Portfolio Performance: No Stress Signals in Sight
With a total portfolio of approximately $4 billion — the majority of which is comprised of residential assets — Saluda Grade has a meaningful window into the real-world performance of home equity borrowers. And according to Eger, the consumer stress that some economists and market observers have flagged at a macro level has not materialized in any meaningful way within the firm's book of business.
This is a significant data point for investors weighing the risk-reward profile of home equity assets. While credit card delinquencies and auto loan defaults have ticked upward in some segments of the consumer market, secured home equity products benefit from the cushion of real property collateral — and from borrowers who, by definition, have significant equity stakes to protect.
Why Home Equity Stands Out in the Private Credit Landscape
The private credit market has grown dramatically over the past decade, with investors searching for yield in an increasingly competitive environment. Home equity assets offer a distinctive combination of characteristics that make them appealing within this broader landscape.
First, they are secured by real property, providing a meaningful layer of downside protection compared to unsecured consumer credit. Second, the rate lock-in dynamic described by Eger creates a captive borrower base that is unlikely to prepay, offering more predictable cash flows than many other asset types. Third, the sheer scale of the addressable market — nearly $35 trillion — means there is ample room for institutional capital to participate without crowding out returns.

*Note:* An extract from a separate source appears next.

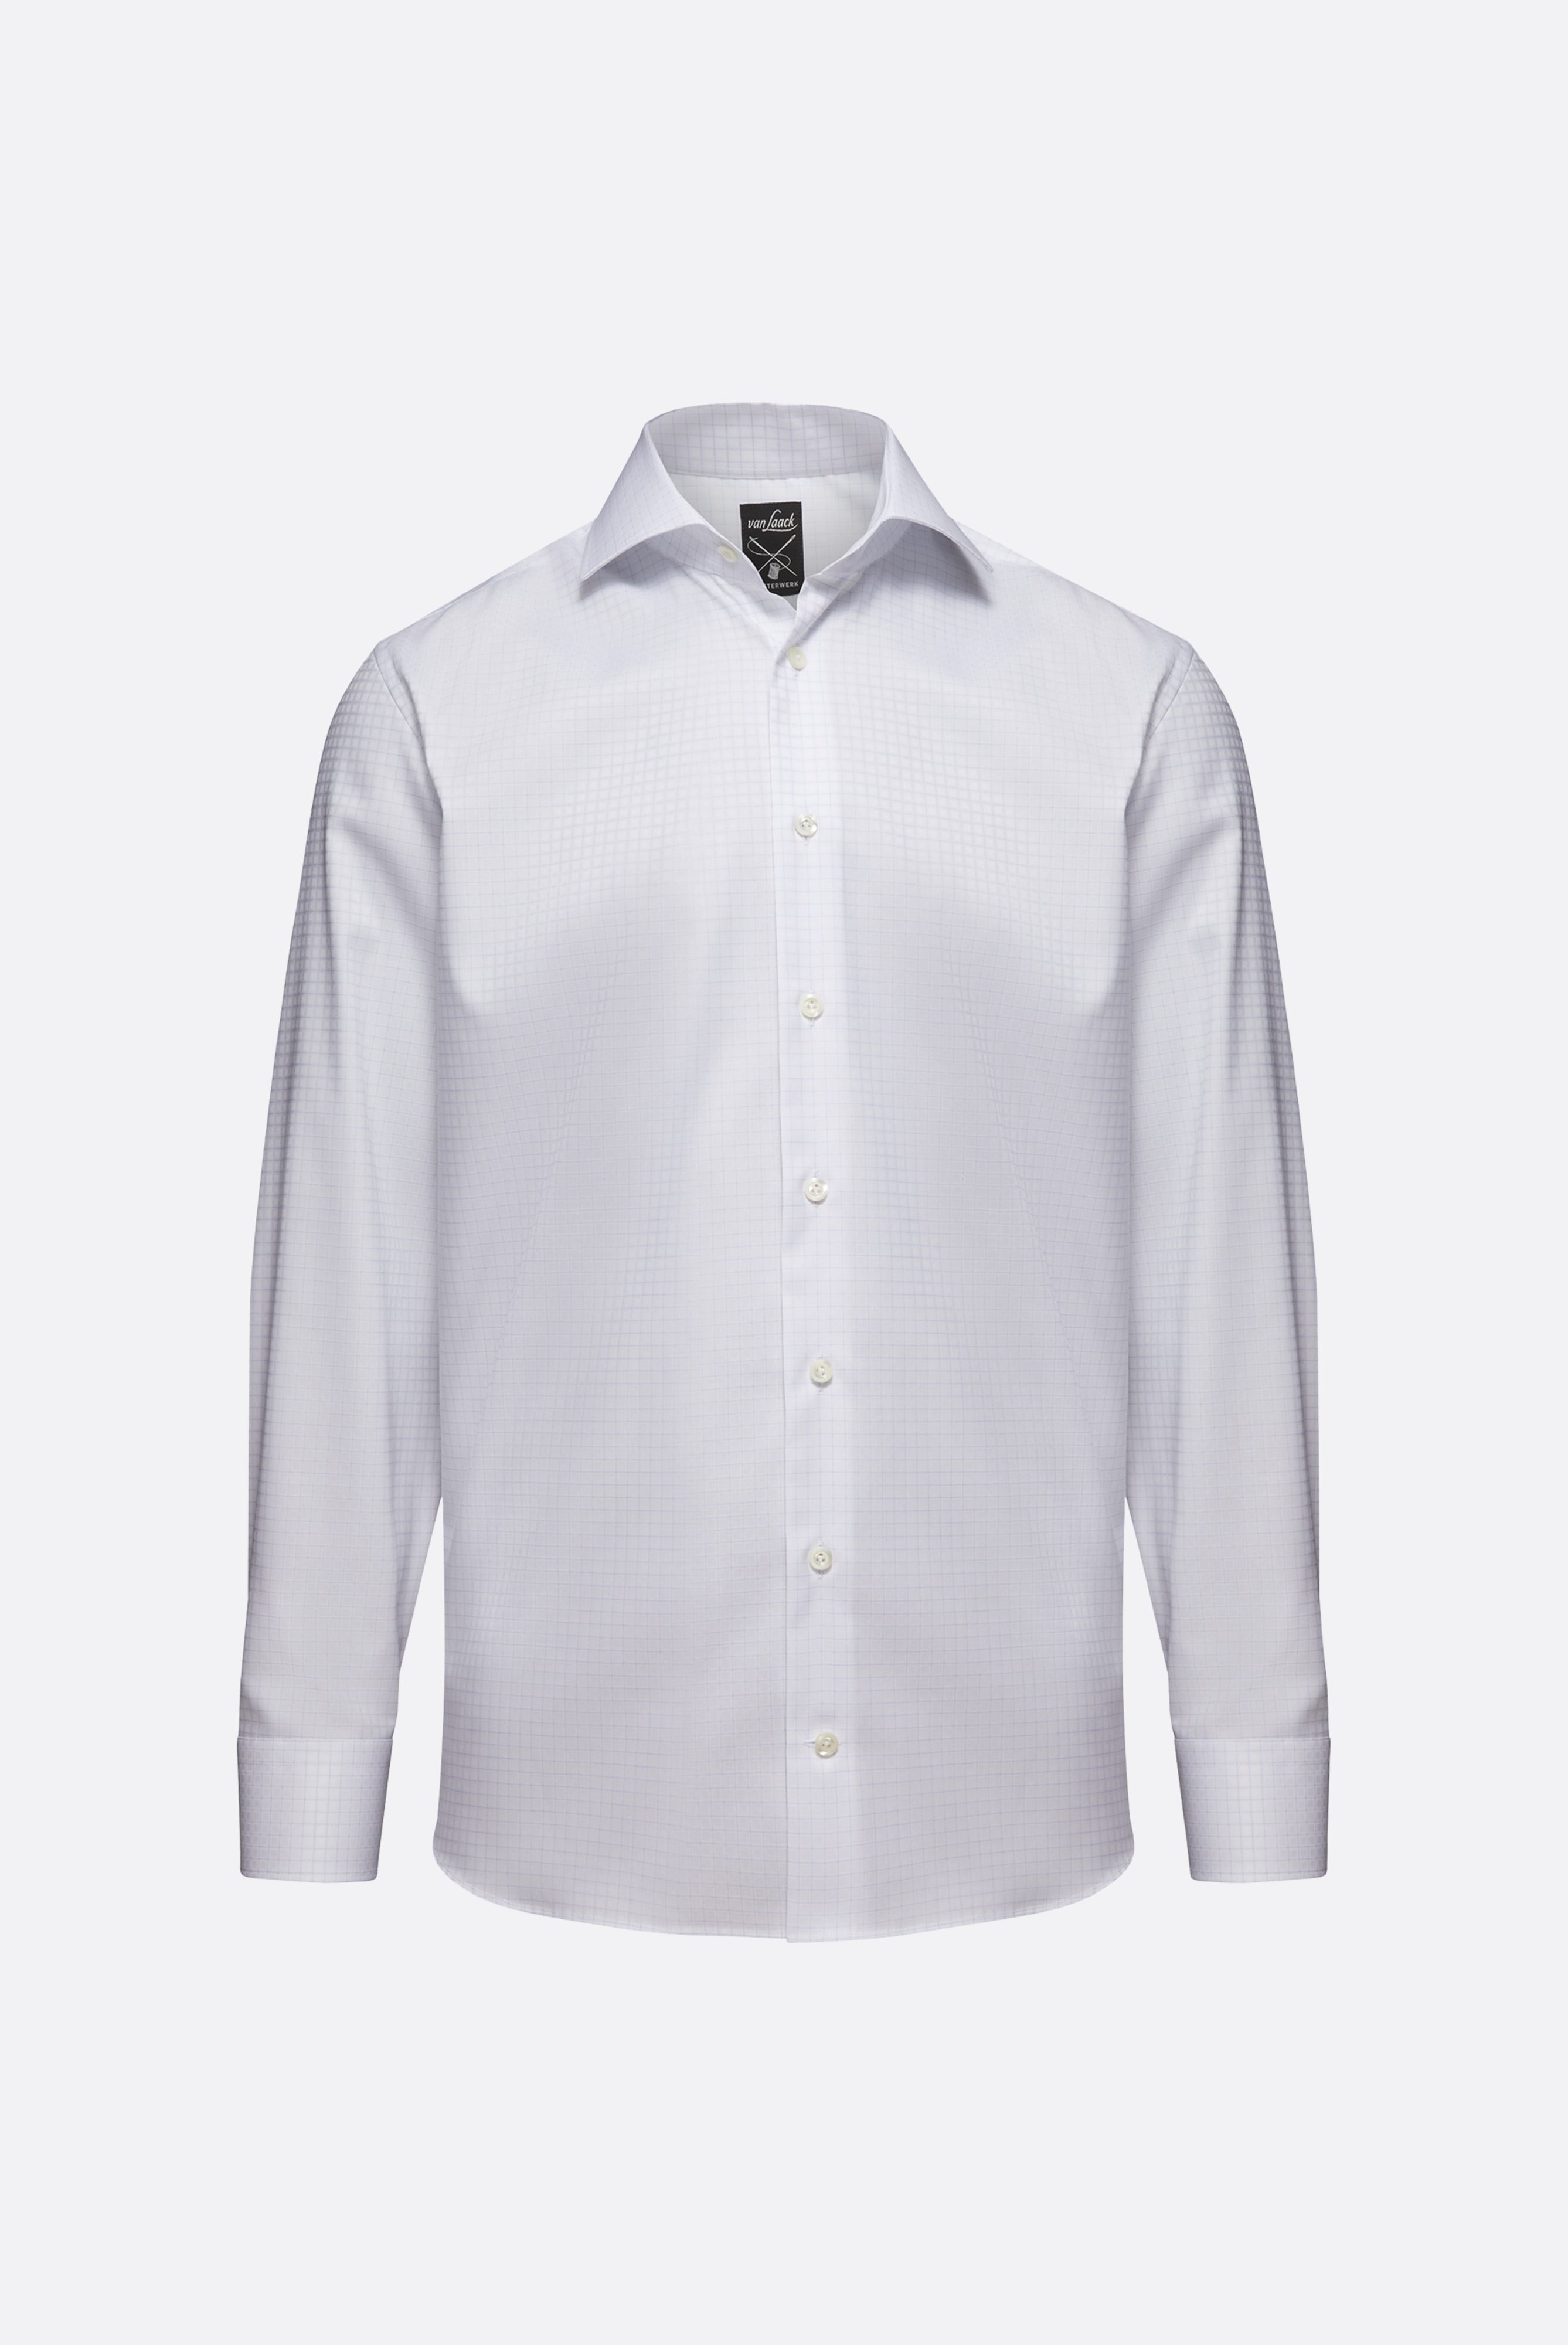 Bügelleichte Hemden+Bügelfreies Kariertes Twill-Hemd Tailor Fit+20.2020.BQ.161105.007.38

The Bottom Line: Structural Strength Over Macro Noise
Saluda Grade's continued commitment to home equity assets reflects a disciplined focus on structural fundamentals over short-term macro concerns. With 75% of mortgaged homeowners locked into below-market rates, a $35 trillion pool of residential equity to finance, a persistent national housing shortage, and a portfolio showing no signs of stress, the firm's thesis appears well-grounded.
For investors and market participants looking to navigate an uncertain macroeconomic environment, the home equity space may offer exactly the kind of durable, collateral-backed resilience that is increasingly hard to find elsewhere in the credit markets. Saluda Grade, for one, is betting that story has plenty of runway left.